Tutor is Tutor and sui generis. He works wonders with the most unhappy or confused wealthy kids in the world. I watch and study here in my Dumpster surrounded by old books, the canon of many civilizations fading into one another over time, endlessly telling the same old stories of quest, tragedy, and the human comedy. I was just now reading Chekov, in a beer stained edition tossed here by some student headed home for vacation. I do keep up with the coming fusion of the liberal arts and Wealth Bondage. I see the Doxies on Parade in and out of Wealth Bondage Headquarters, headed all over the world to create wise and virtuous families of wealth, while preserving and growing Assets Under Management in Perpetuity. I read their benumbing Texts on Human Flourishing. I see much on therapy, much on finance, much on family values, and much that is driven by wealth as a master metaphor for all good things. But, you know, in all these years not once have I heard any one of these $5,000 - $10,000 a day Mentors to the Heirs, say that they love the kid. Not one has mentioned reading bedtime stories, or cuddling a child as she falls asleep, or making paper dolls, or playing pick up sticks. Not one has mentioned the importance of reading a kid Fairy Tales, teaching Silly Songs, singing a lullaby, or learning a prayer. Yet, without love, and its tender, humble, thankless, daily ministrations, no kid can thrive.
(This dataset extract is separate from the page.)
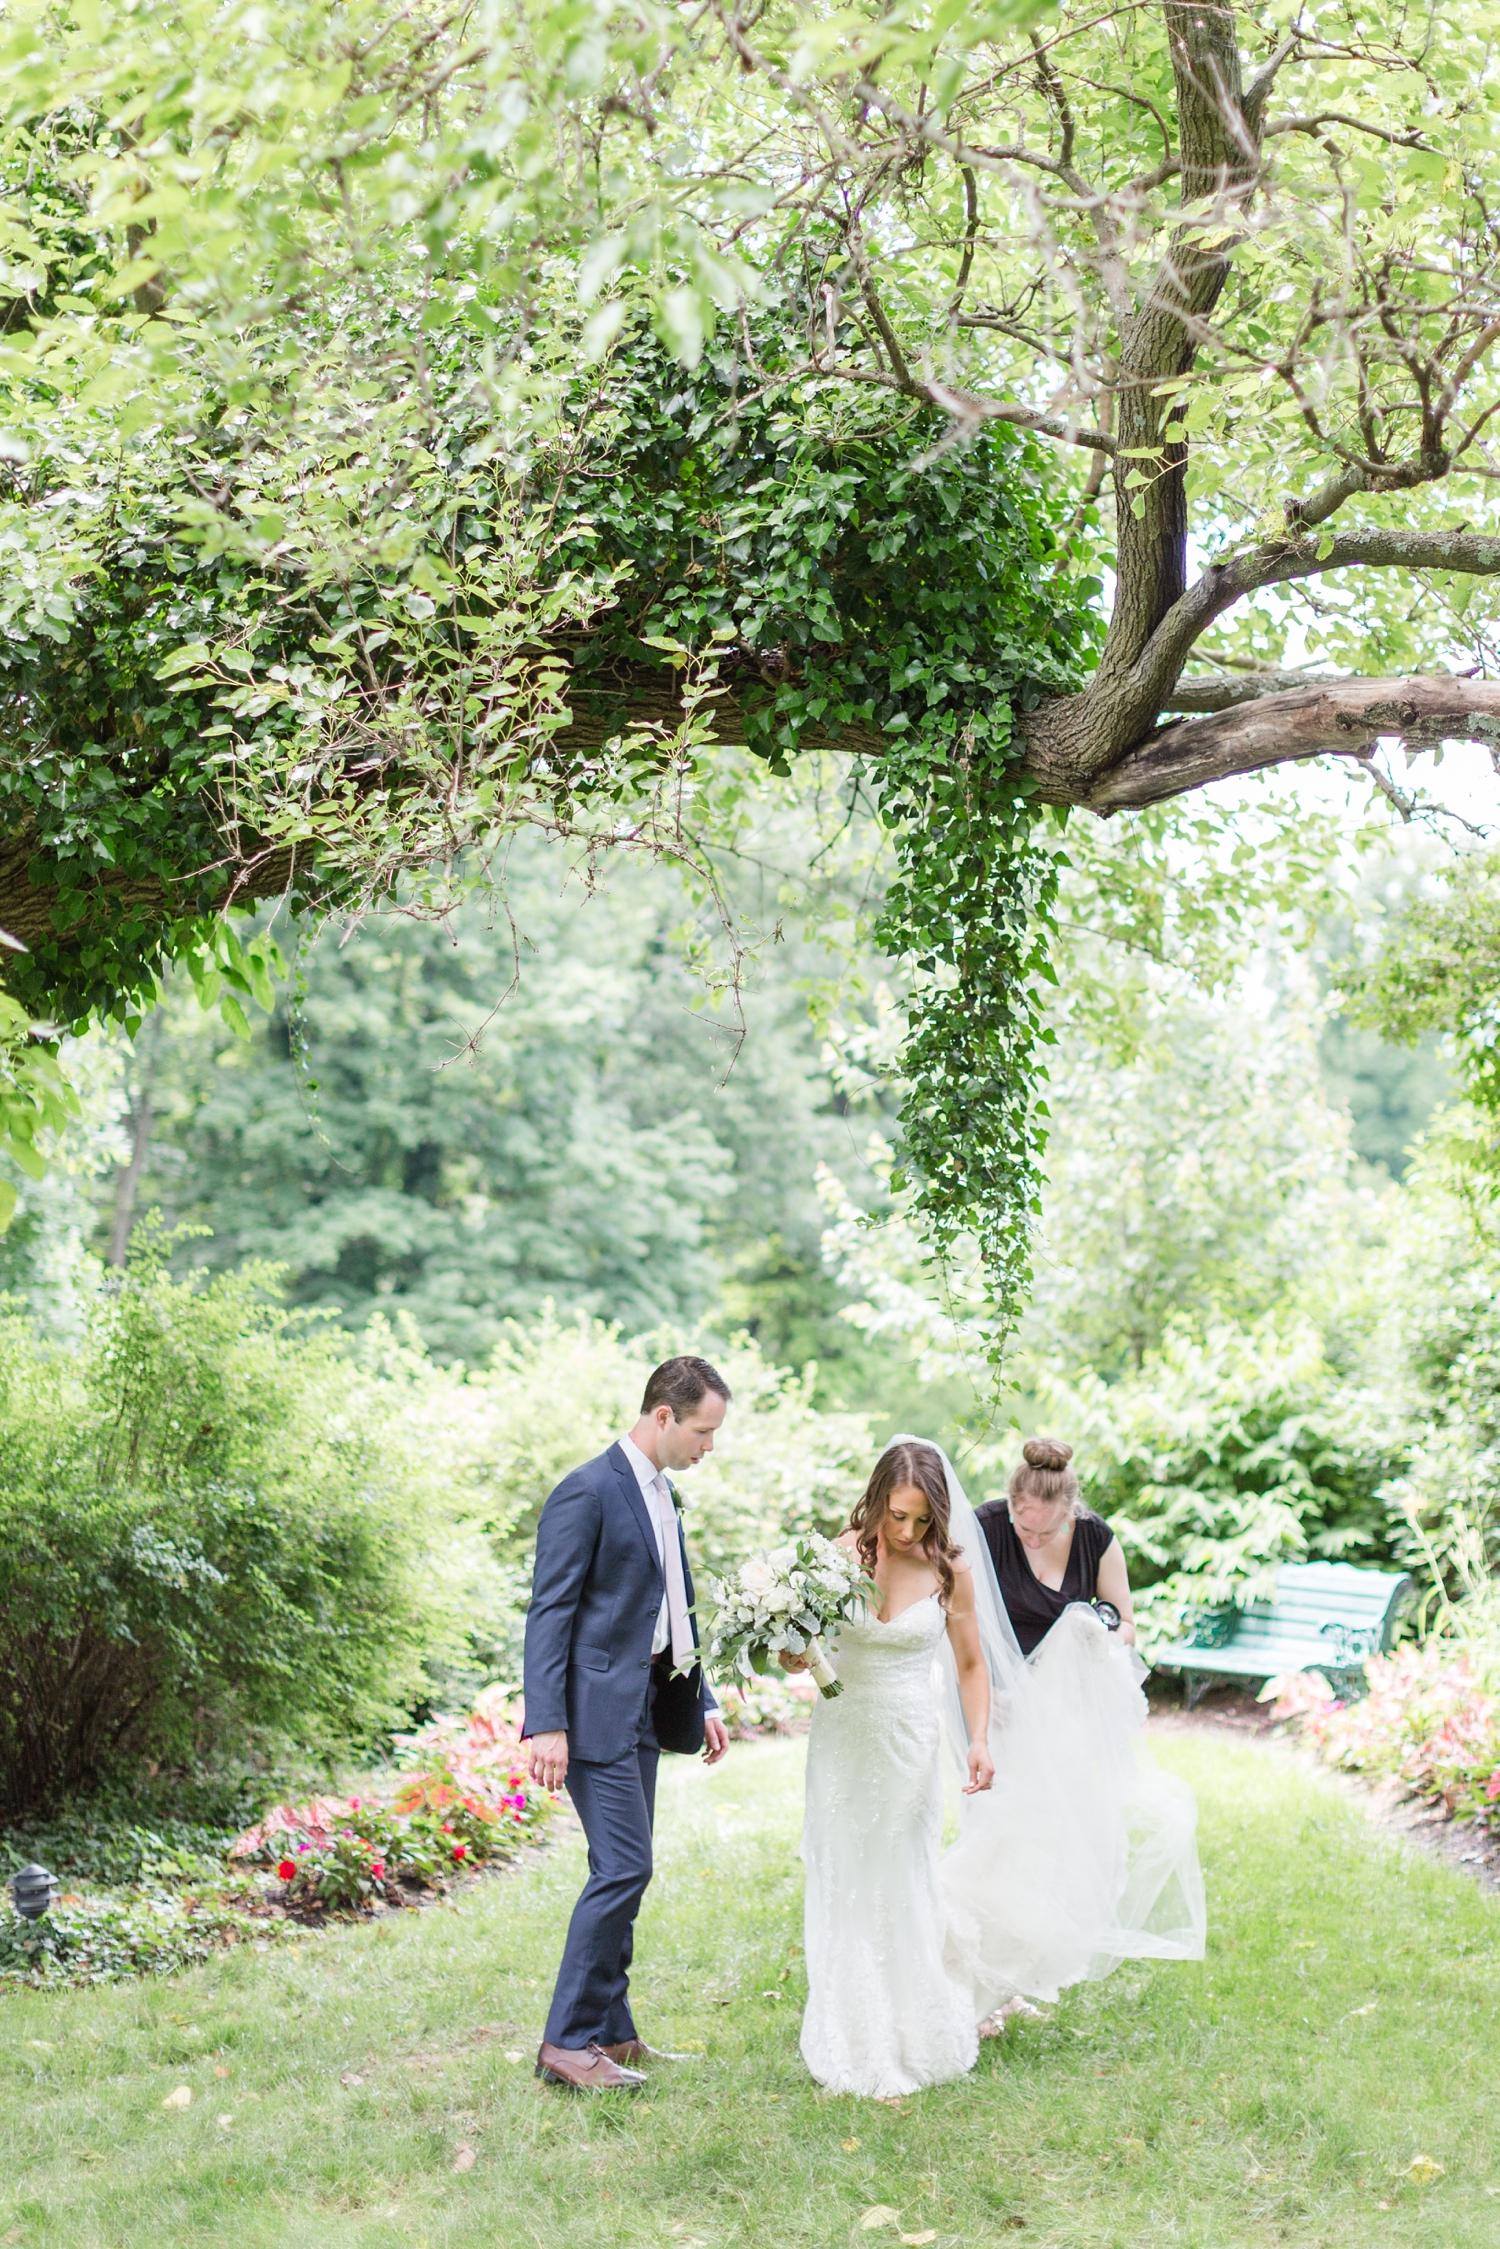 Malat Wedding 3-Bride & Groom Portraits-254_Maryland-Virginia-Wedding-Photographer-Behind-The-Scenes-anna-grace-photography-photo.jpg

Who could possibly love that red-haired miscreant, getting black marker all over her fingers and her faded pink jeans, defacing People Magazine, and plotting world conquest? I hear Tutor, putting aside "The Vanity of Human Wishes," and laughing. "C'mere, kid. Did I ever tell you that you are very, very lovable?" Yes, he has, ad nauseam, and Audrey being a self respecting 9.5 year old squirms away. Love is for kids! She is bent over now, looking back through her legs at Tutor. "I don't love you, Tutor, you are just my babysitter and I don't even need one. You are a Stupid Grown up! You work for Momma, and if you make me mad I am going to get you fired. No, I will have Momma's Seal Team Seven feed you to the sharks! They will drop you from the helicopter, Tutor, way, way, far out in the ocean! In the middle of the night! And you can't even swim! I won't save you!" At which harsh, and unfair, repudiation of his aching, boundless love, Tutor begins bawling like a child, pounding the mattress with his fists, while grownup Audrey goes back to conquering all comers. "Stop crying, Tutor," his charge admonishes him. "You sound very immature." His wailing becomes stifled, forlorn sobbing. On such conversations the future of our planet depends.